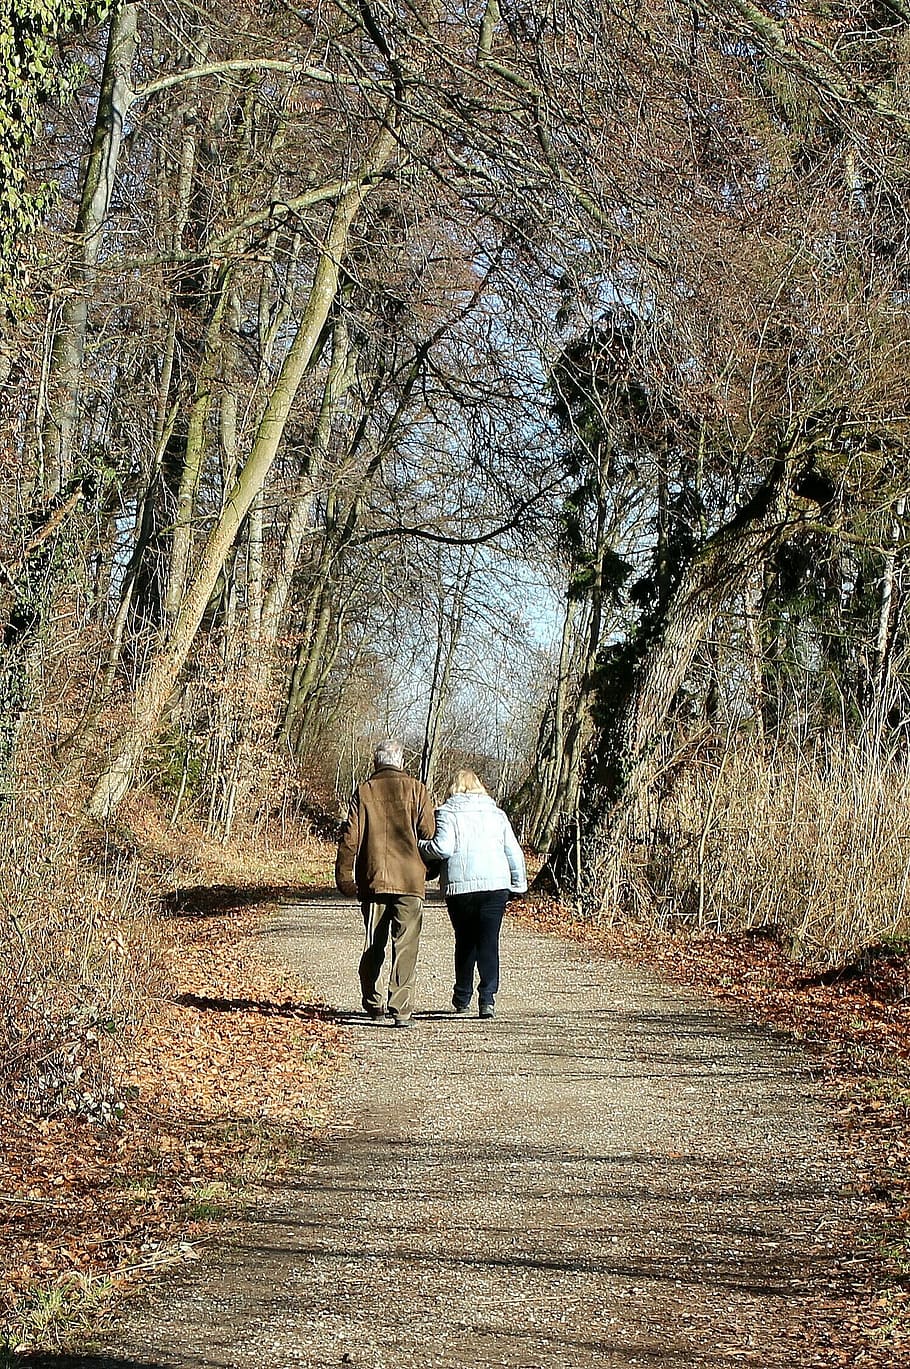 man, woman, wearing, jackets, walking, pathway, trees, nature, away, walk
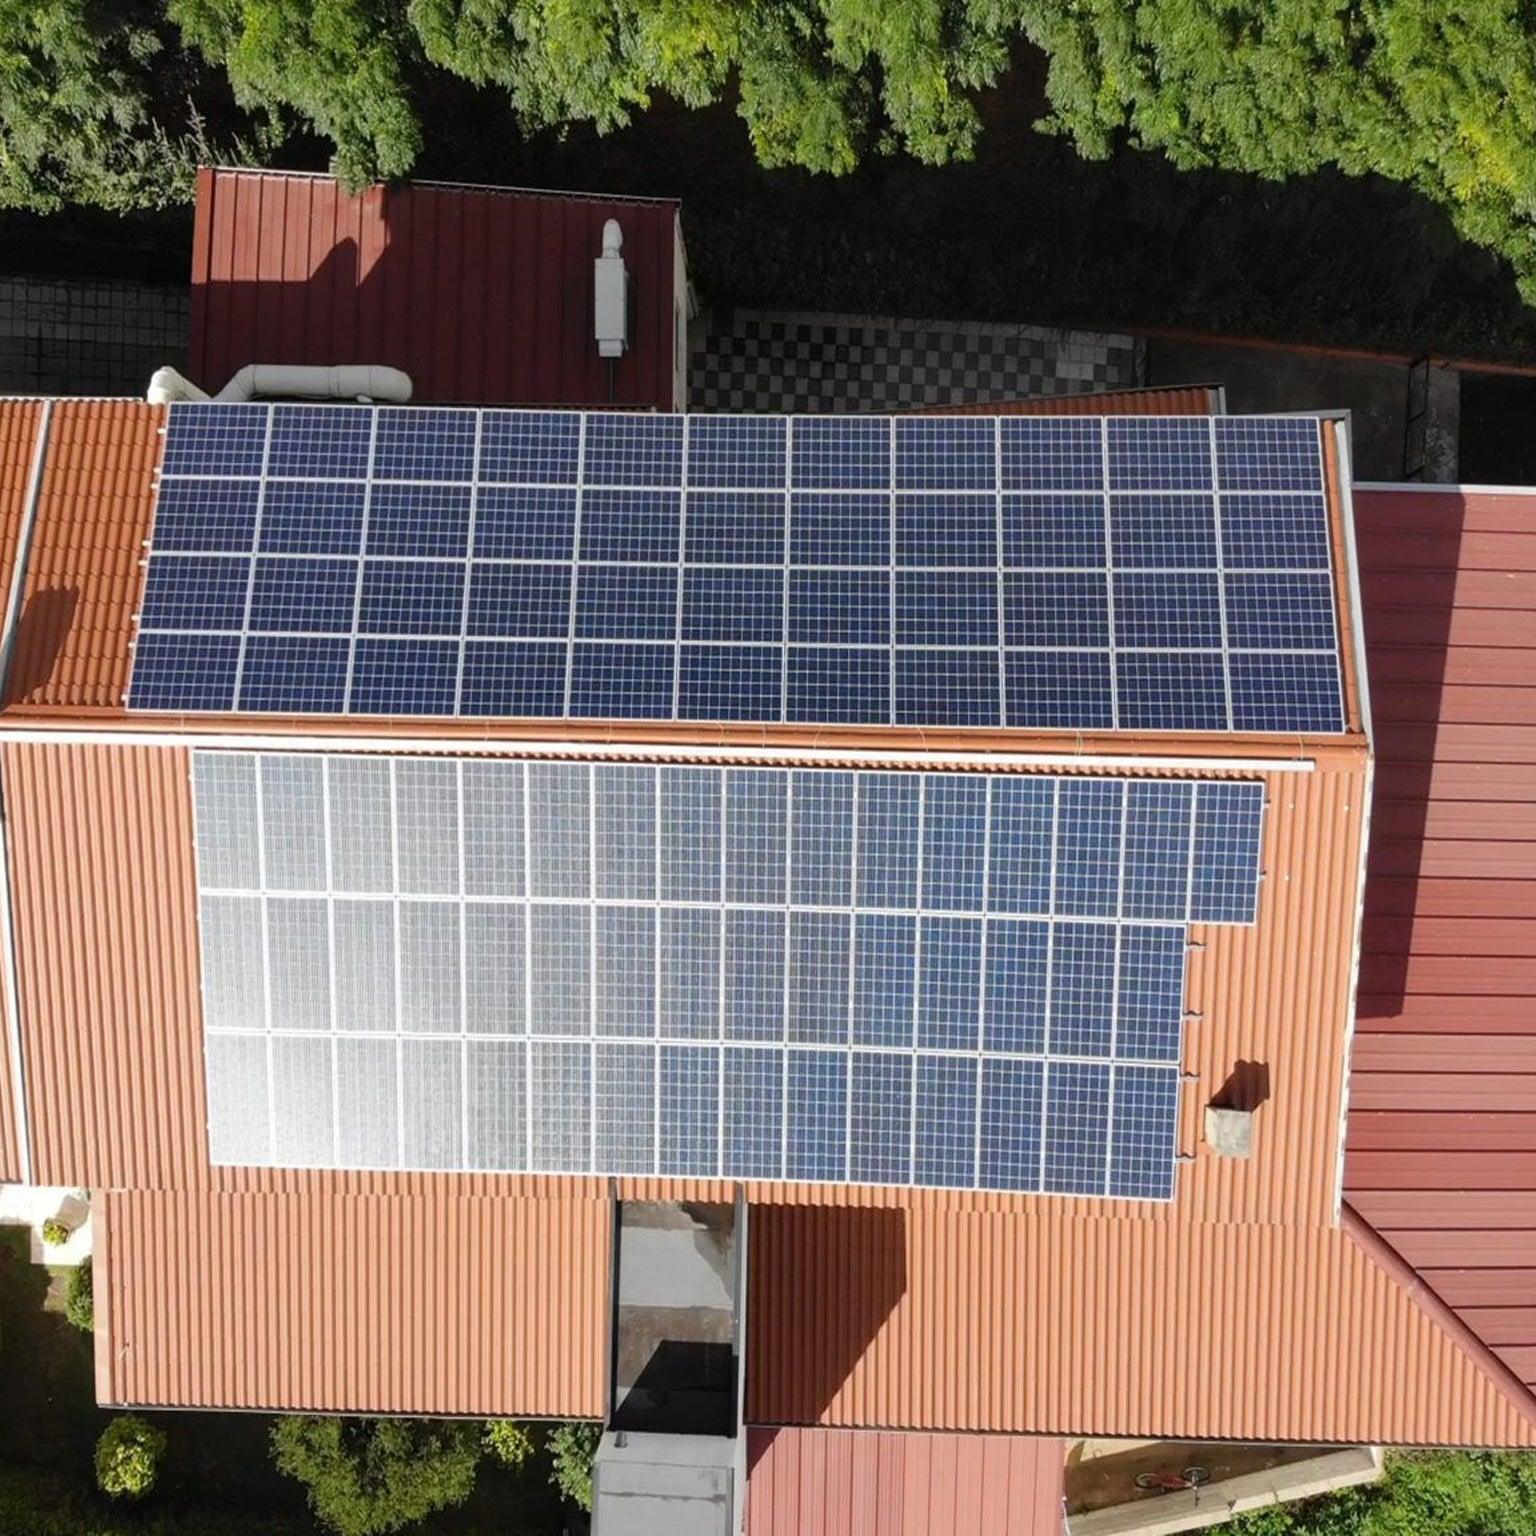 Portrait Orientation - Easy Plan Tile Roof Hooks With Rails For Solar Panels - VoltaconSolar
+++++
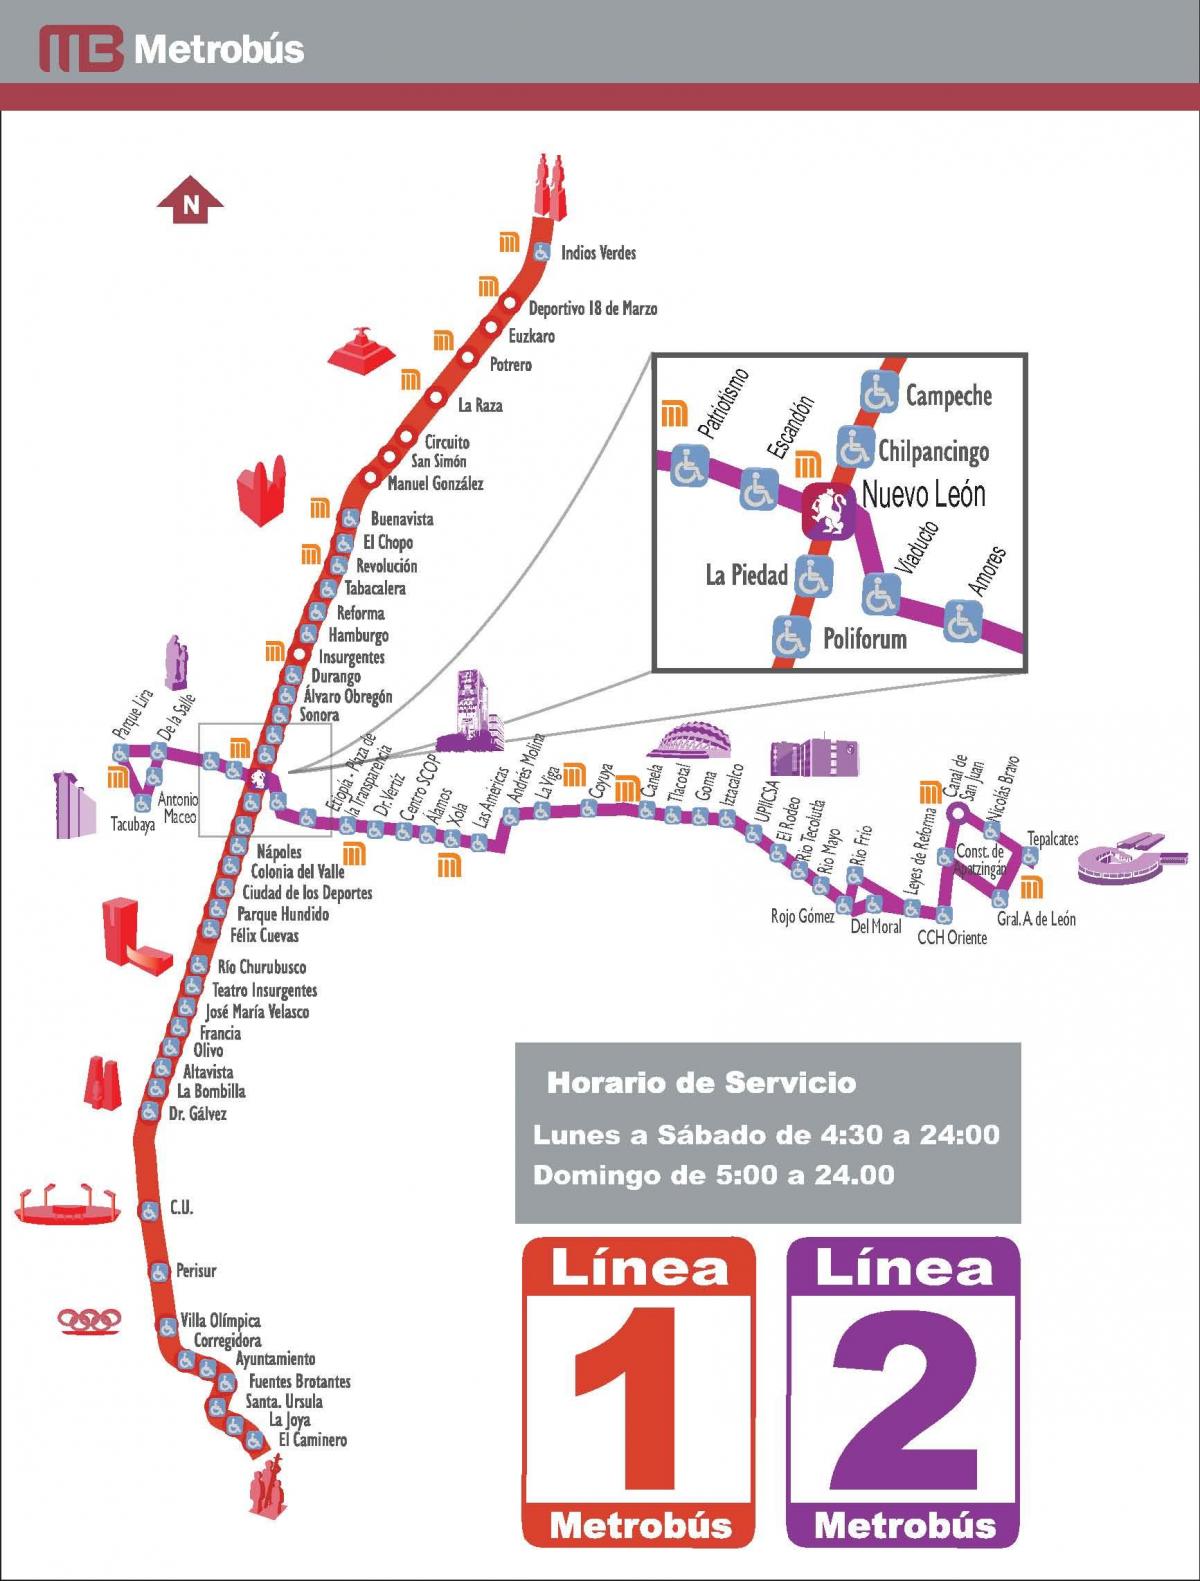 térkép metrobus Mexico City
+++++
▶ _Brief_:
Please copy the lines above exactly, starting at the line that holds "nature, away, walk" and ending at the line that holds "Portrait Orientation - Easy"; include both, but no pictures.

▶ _Task solution_:
 man, woman, wearing, jackets, walking, pathway, trees, nature, away, walk
 Portrait Orientation - Easy Plan Tile Roof Hooks With Rails For Solar Panels - VoltaconSolar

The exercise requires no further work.